═════ Extracted records

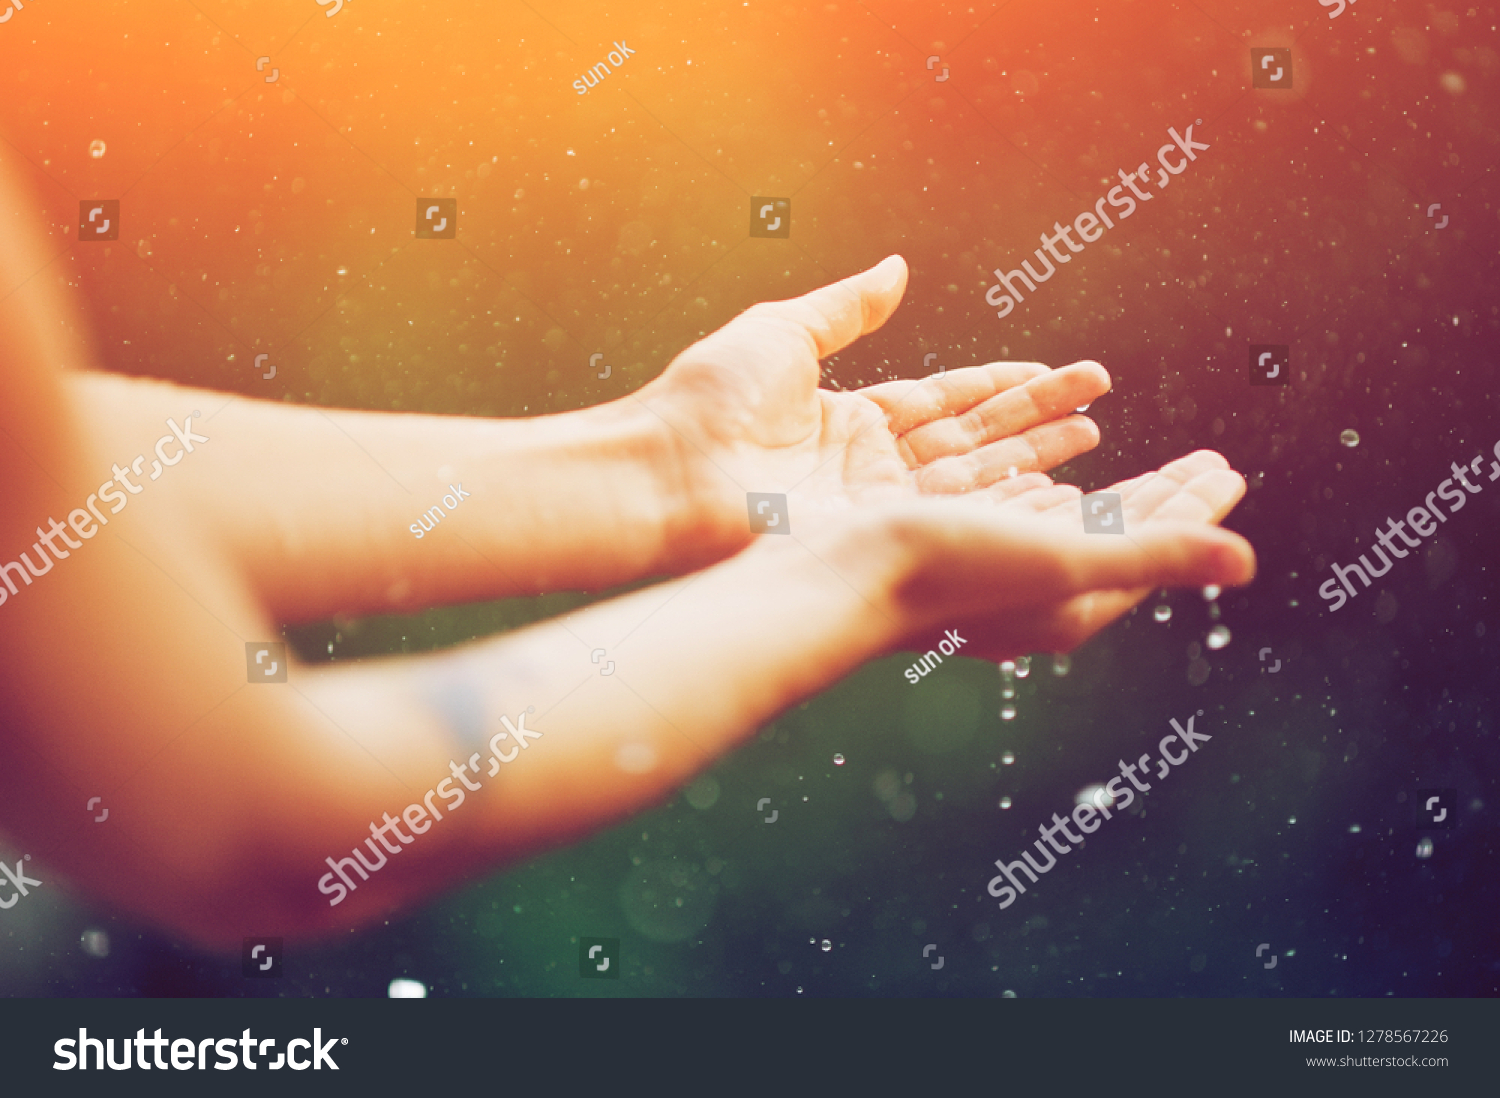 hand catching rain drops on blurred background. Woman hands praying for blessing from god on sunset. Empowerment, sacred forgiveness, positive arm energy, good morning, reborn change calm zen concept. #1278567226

══════════
═════ Extracted records

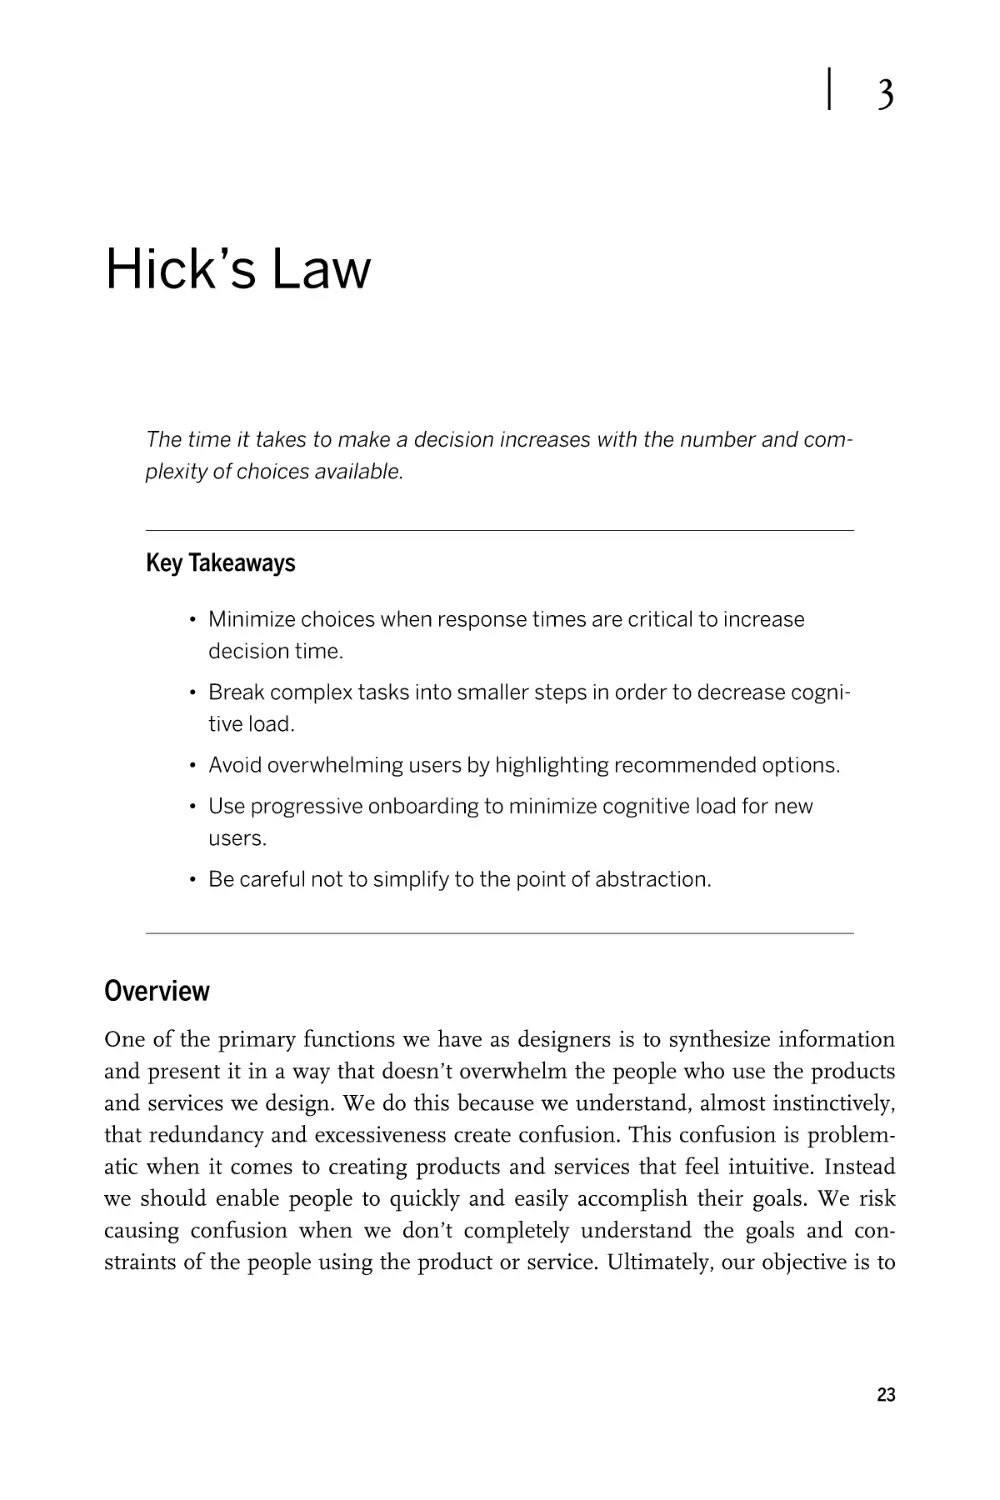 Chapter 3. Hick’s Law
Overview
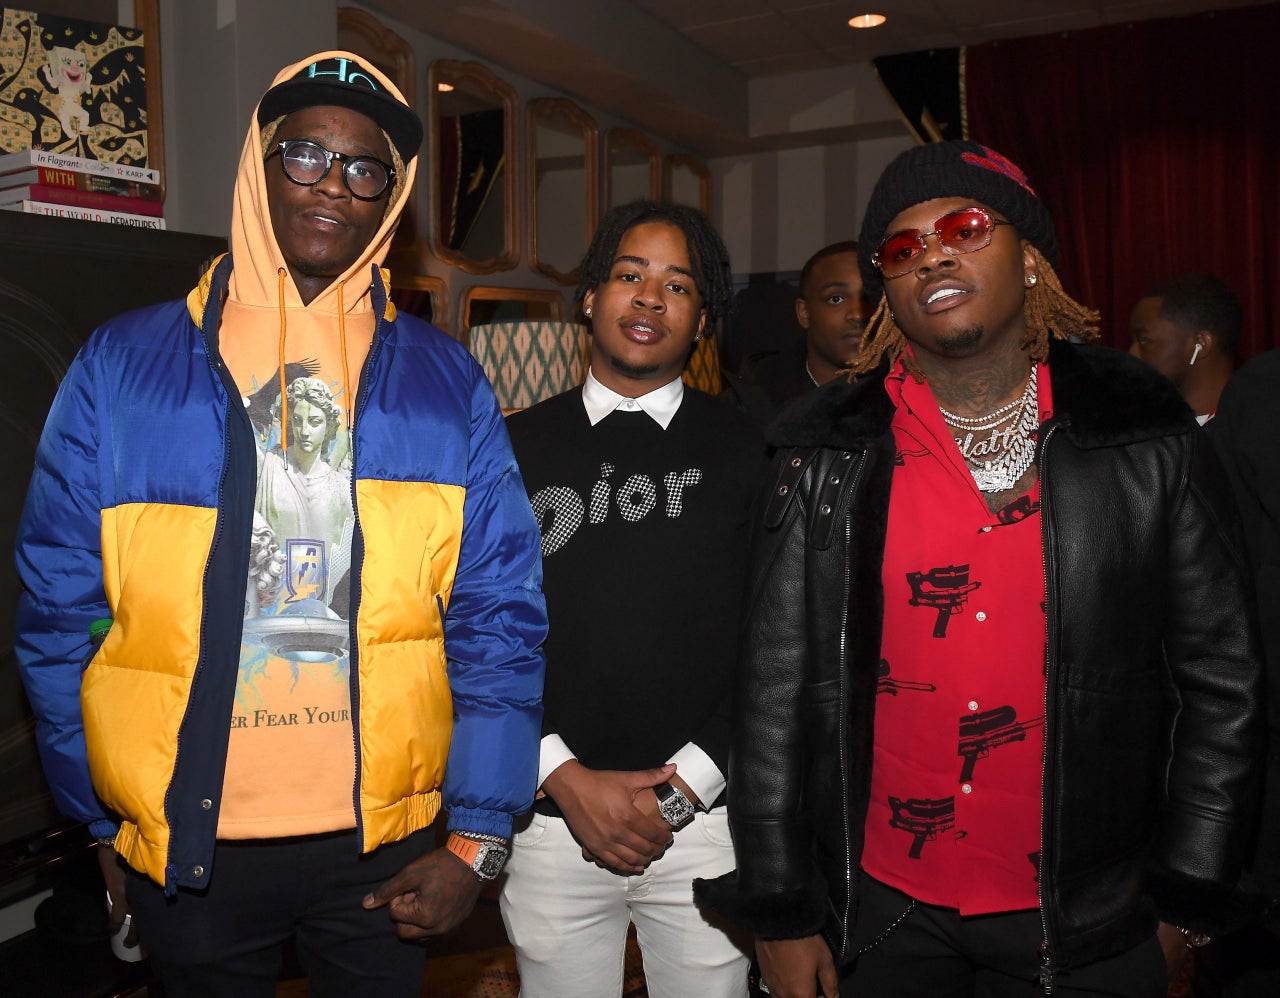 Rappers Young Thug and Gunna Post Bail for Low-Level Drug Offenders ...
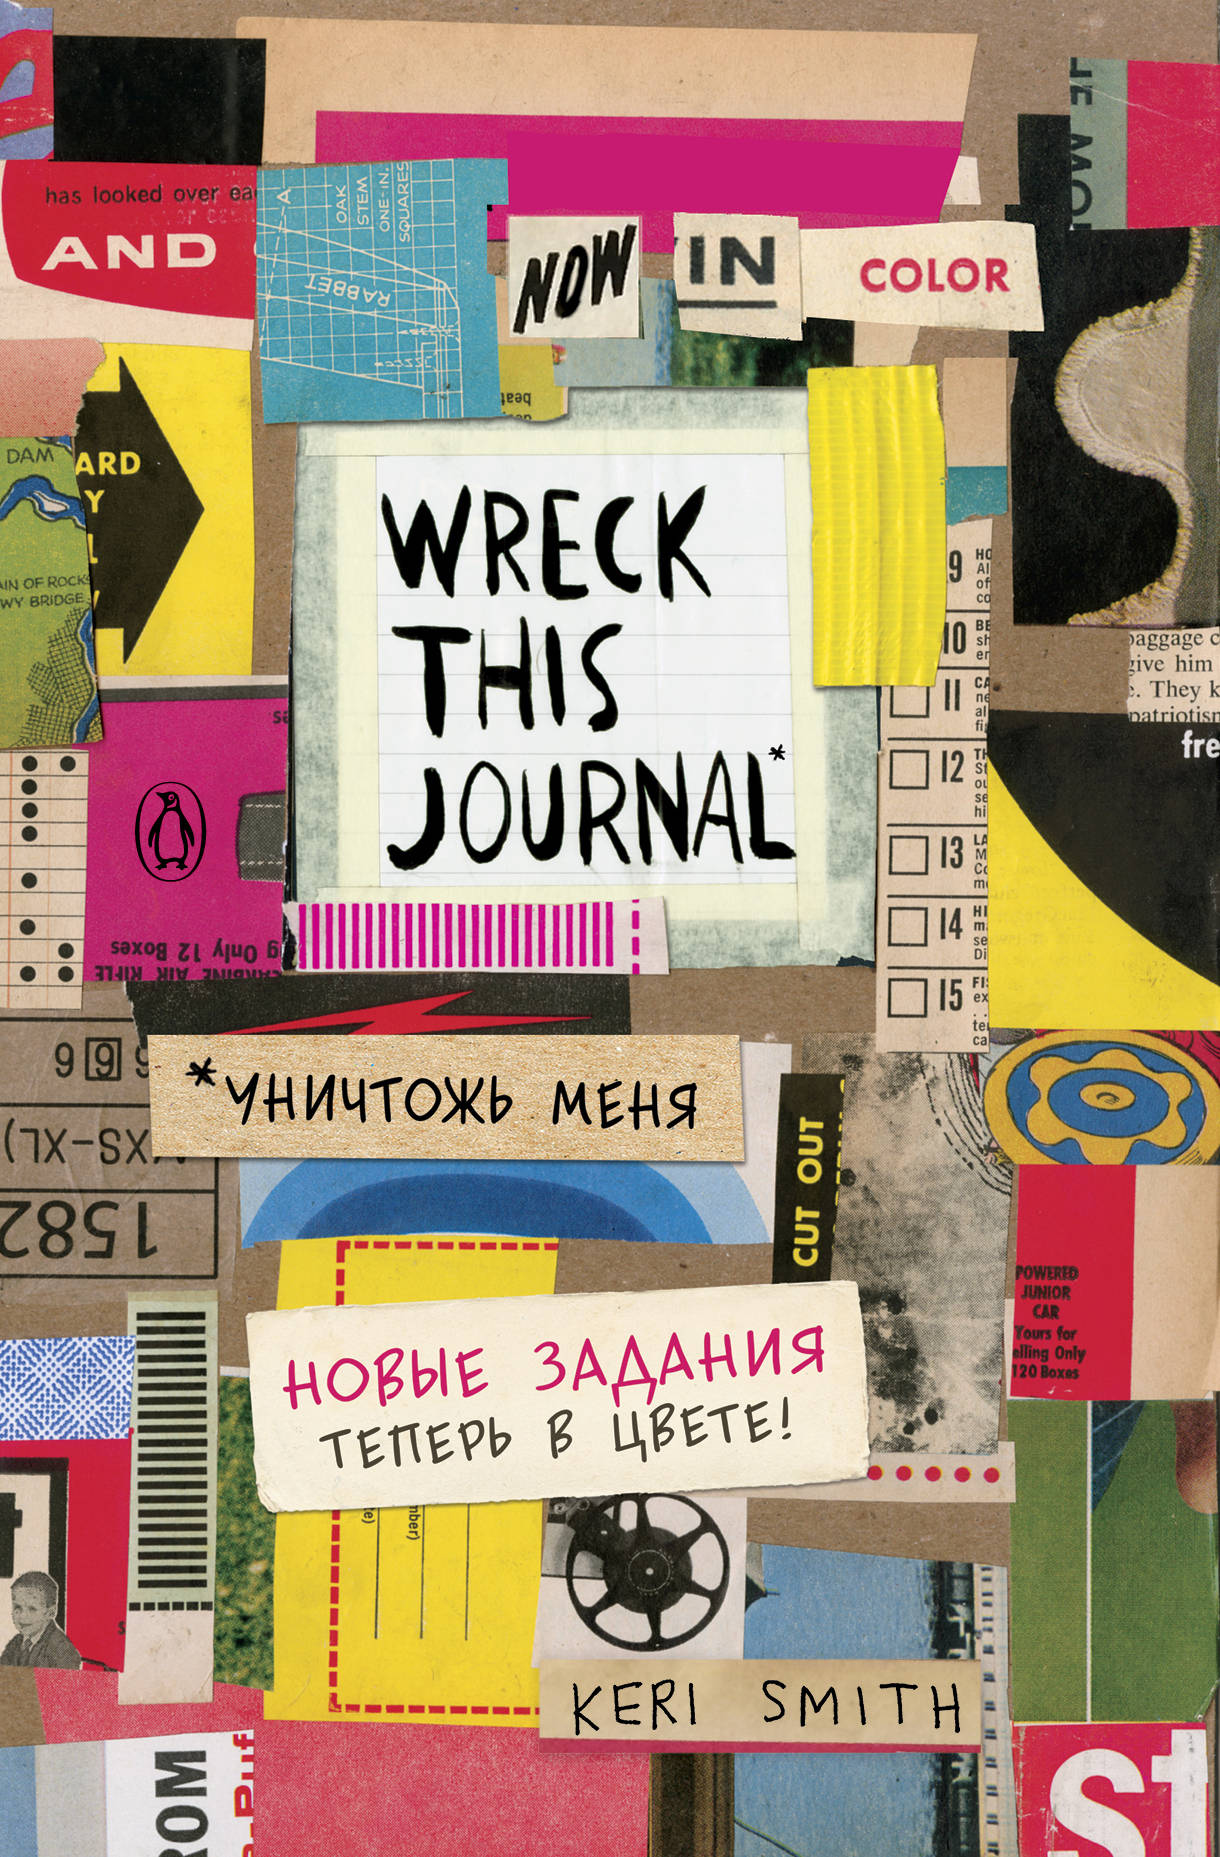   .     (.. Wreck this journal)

══════════

### Task
The stretch above running from the line with "Rappers Young Thug" through the line with "Wreck this journal)" is all you should copy, exactly, leaving out the pictures.

### Task response
 Rappers Young Thug and Gunna Post Bail for Low-Level Drug Offenders ...
   .     (.. Wreck this journal)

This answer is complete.